Apparently the Obama Administration's Solicitor General didn't fare so well today in defending the individual mandate at the heart of Obamacare:
A lot of people are expecting this decision to come down 5-4, with Anthony Kennedy providing the deciding vote between the conservative wing (Scalia, Thomas, Alito, Roberts) and the liberal wing (Sotomayor, Ginsberg, Kagan, Breyer). I'm not so sure. Recently there have been two 9-0 decisions against the Obama Administration in important cases. In Hosanna-Tabor Evangelical Lutheran Church and School v. Equal Employment Opportunity Commission, the Supreme Court unanimously acknowledged the existence of a "ministerial exception" that bans the government from interfering with religious organizations' right to choose their own ministers. Then, in Sackett v. EPA, the Court held that landowners could sue the EPA over designations that their property constitutes "wetlands" under the Clean Water Act. Both cases ultimately hinged on the Supreme Court wanting to reign in an Executive Branch that had overreached the limits of its power.

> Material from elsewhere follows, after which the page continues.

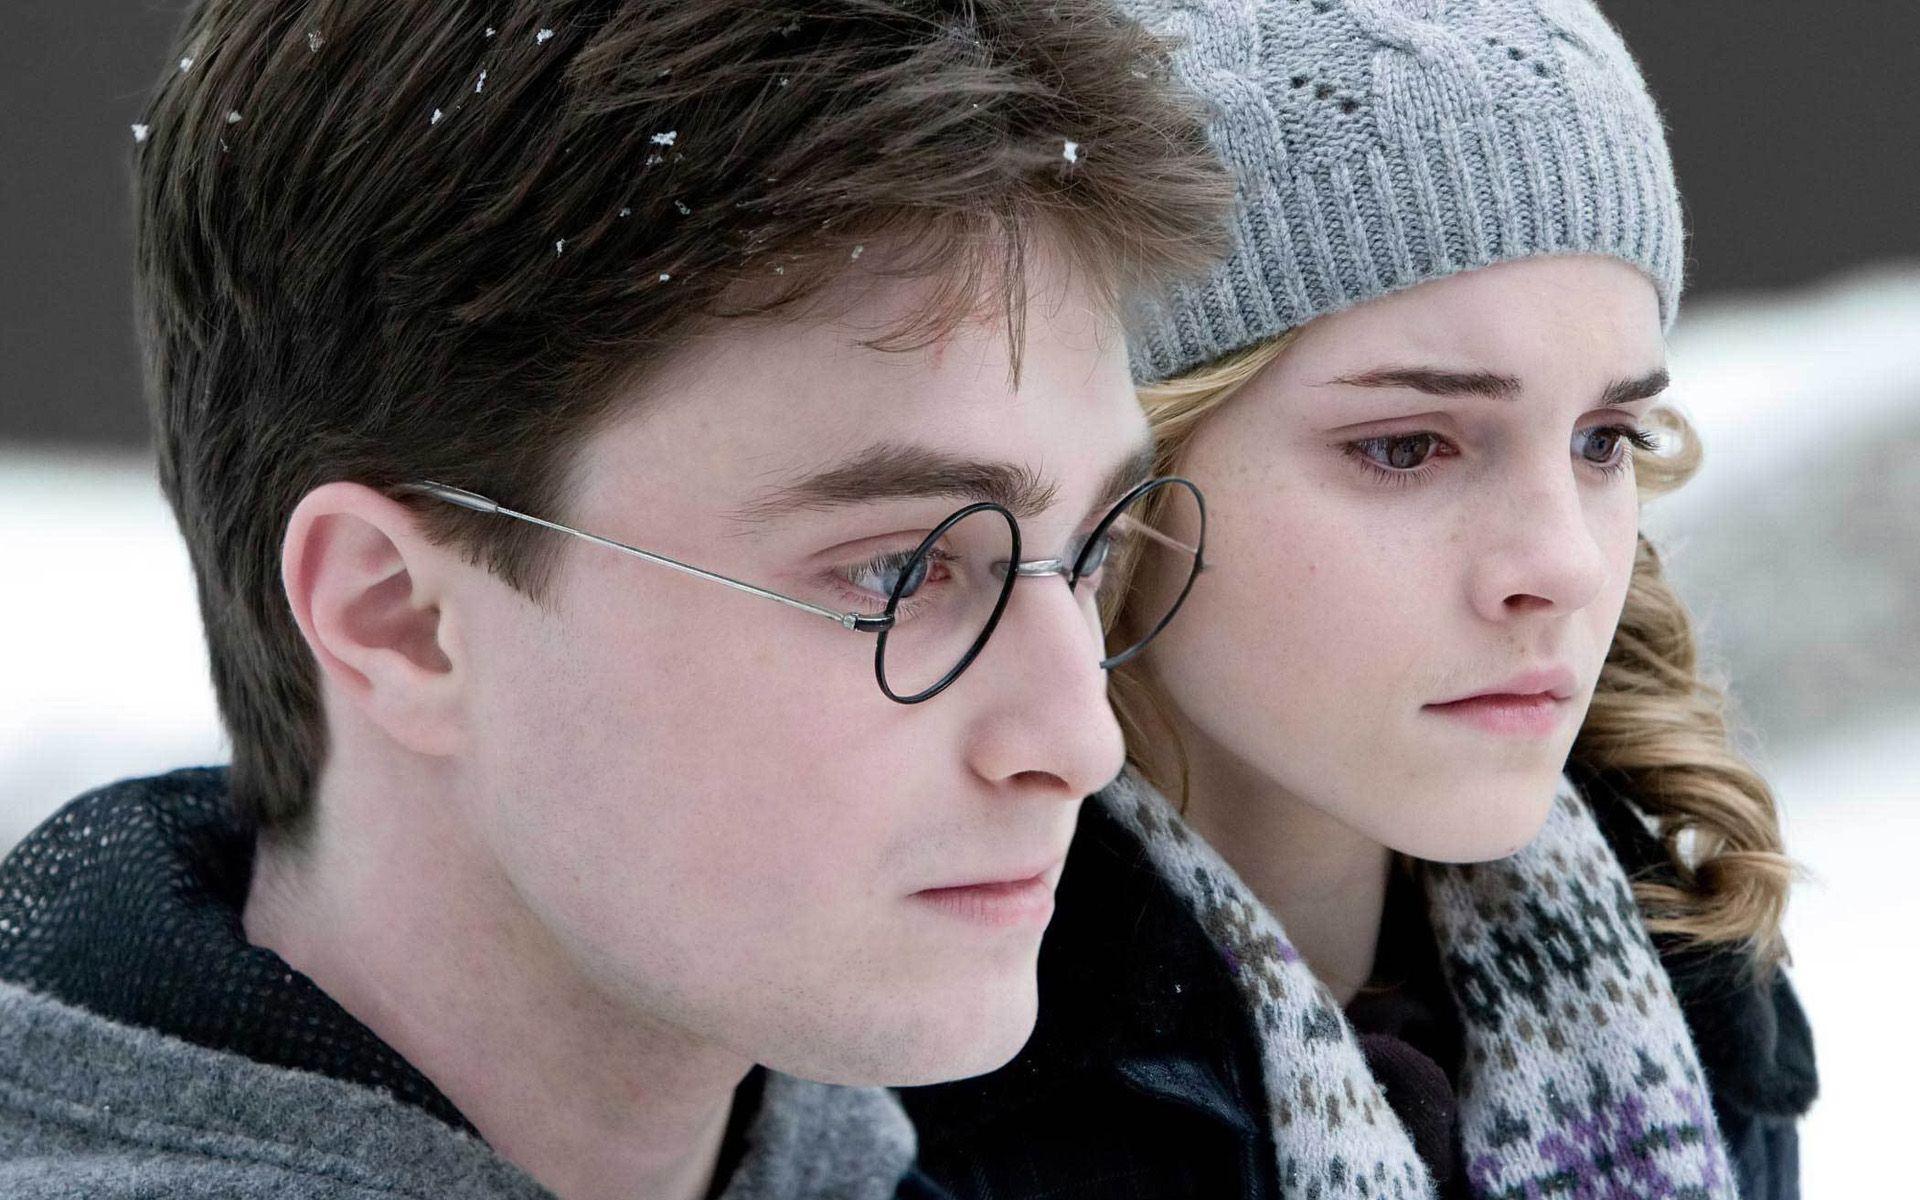 Гарри Поттер и Гермиона Грейнджер | Гарри поттер, Гарри ...

The Obamacare case presents the exact same issue... is the power of the federal government limitless, or does the Constitution (and, hence, the Judiciary) place limits on the federal government's powers? If the Commerce Clause lets the federal government tell a private citizen that he must buy a particular product -- health insurance -- what can't the Commerce Clause permit?
I predict the Obamacare mandate goes down by a 9-0 decision. Justice Roberts will pull everyone together to be unanimous in a case that goes to the heart of what the Constitution means and, thus, goes to the heart of the Court's own powers.